Кроме того, Кубраков рассказал, что планируется открытие лицеев МВД для «подготовки кадров» во всех регионах страны (в 2024 году такое учреждение уже будет работать в Могилеве), а также что интернет-разведка силовиков выявляет белорусов, кто «планирует совершить противоправные действия».
О том, почему на милицию и армию власти денег не жалеют, и к чему ведет подобная «силовизация» общества, Филин пообщался с политологом Валерием Карбалевичем.
— С одной стороны, тренд логичный и понятный: усиление репрессий и тотальный контроль за обществом. С другой же, не понятно, о какой «жизненной необходимости» говорит замминистра, если власти тщательно имитируют стабильность и контроль ситуации?
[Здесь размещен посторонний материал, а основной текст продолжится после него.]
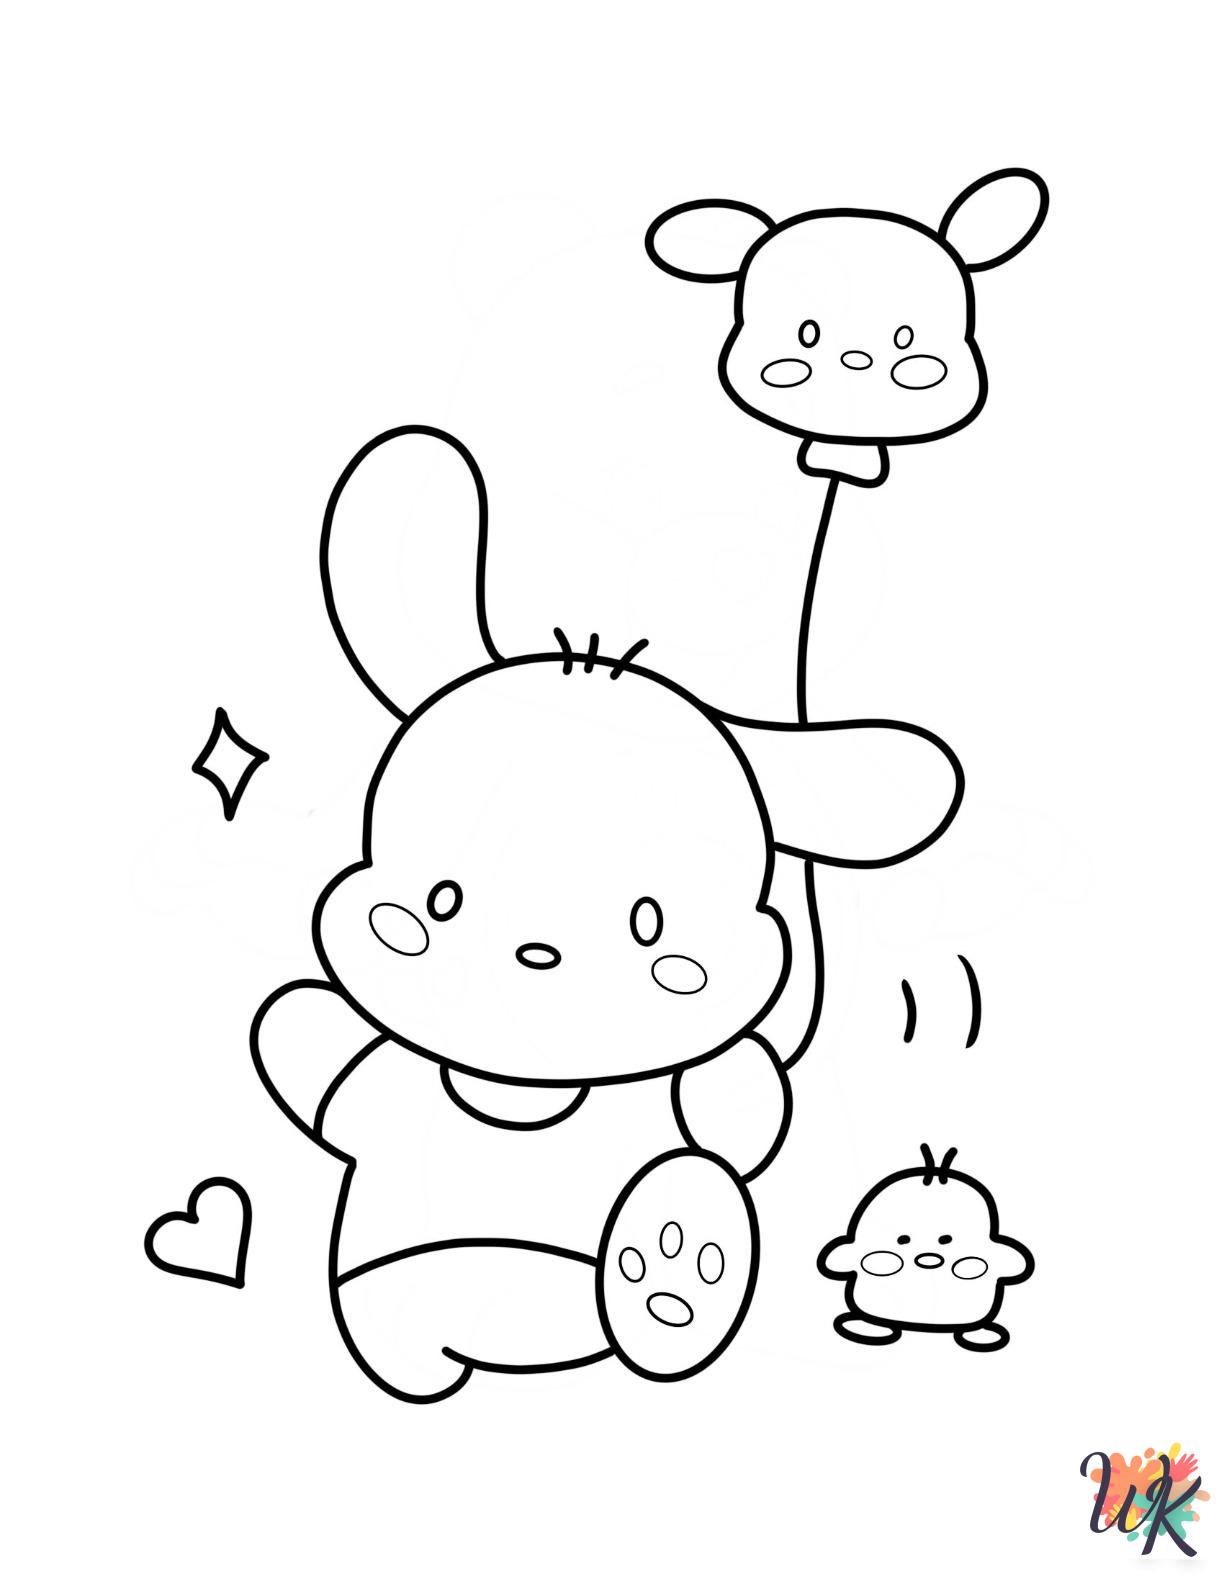 Pochacco free coloring pages

На Ваш взгляд, как силовикам удалось убедить Лукашенко выделить деньги на дальнейшее укрепление и расширение МВД?
— Думаю, что особо уговаривать Лукашенко не пришлось, он и сам готов прежде всего поддерживать любые силовые структуры. Милиция, КГБ, другие репрессивные институты — это приоритет государственной политики сегодня в Беларуси. Поэтому денег может не хватить учителям, докторам или еще кому-то, а вот на милиционеров всегда они будут.
Другое дело, что, вероятно, силовики, пользуясь своим привилегированным положением, просят многовато и проявляют какие-то завышенные требования. Поэтому, видимо, и прозвучала реплика о «потерпеть, если возможно», но я бы не стал уделять ей большого внимания.
— Может ли согласие Лукашенко свидетельствовать о том, что для него поддержка силовиков - действительно «жизненная необходимость», что уже не он контролирует ситуацию?
— С этим я не согласен. Лукашенко сохранил персоналистский режим, который не изменил свою природу и не стал олигархическим.
Да, силовики повысили свою роль относительно народа, стали от него окончательно независимыми и, в принципе, получили от Лукашенко право делать с этим народом все, что захотят. В этом плане их полномочия расширились.
Что касается той власти, которой обладал Лукашенко - ее он никому не отдал, сохранив при себе, и руководители силовых структур сегодня только инструменты в его руках.
Обратите внимание - за два года после протестов Лукашенко поменял практически всех руководителей силовых структур; это означает, что никакого корпоративного механизма защиты своих интересов у самих силовиков не существует.
— По вашему мнению, к чему приведет все большая «силовизация» общества, в том числе подготовка кадров фактически с детского возраста, тотальная слежка в интернете, интернет-разведка, которая преследует уже и за намерение?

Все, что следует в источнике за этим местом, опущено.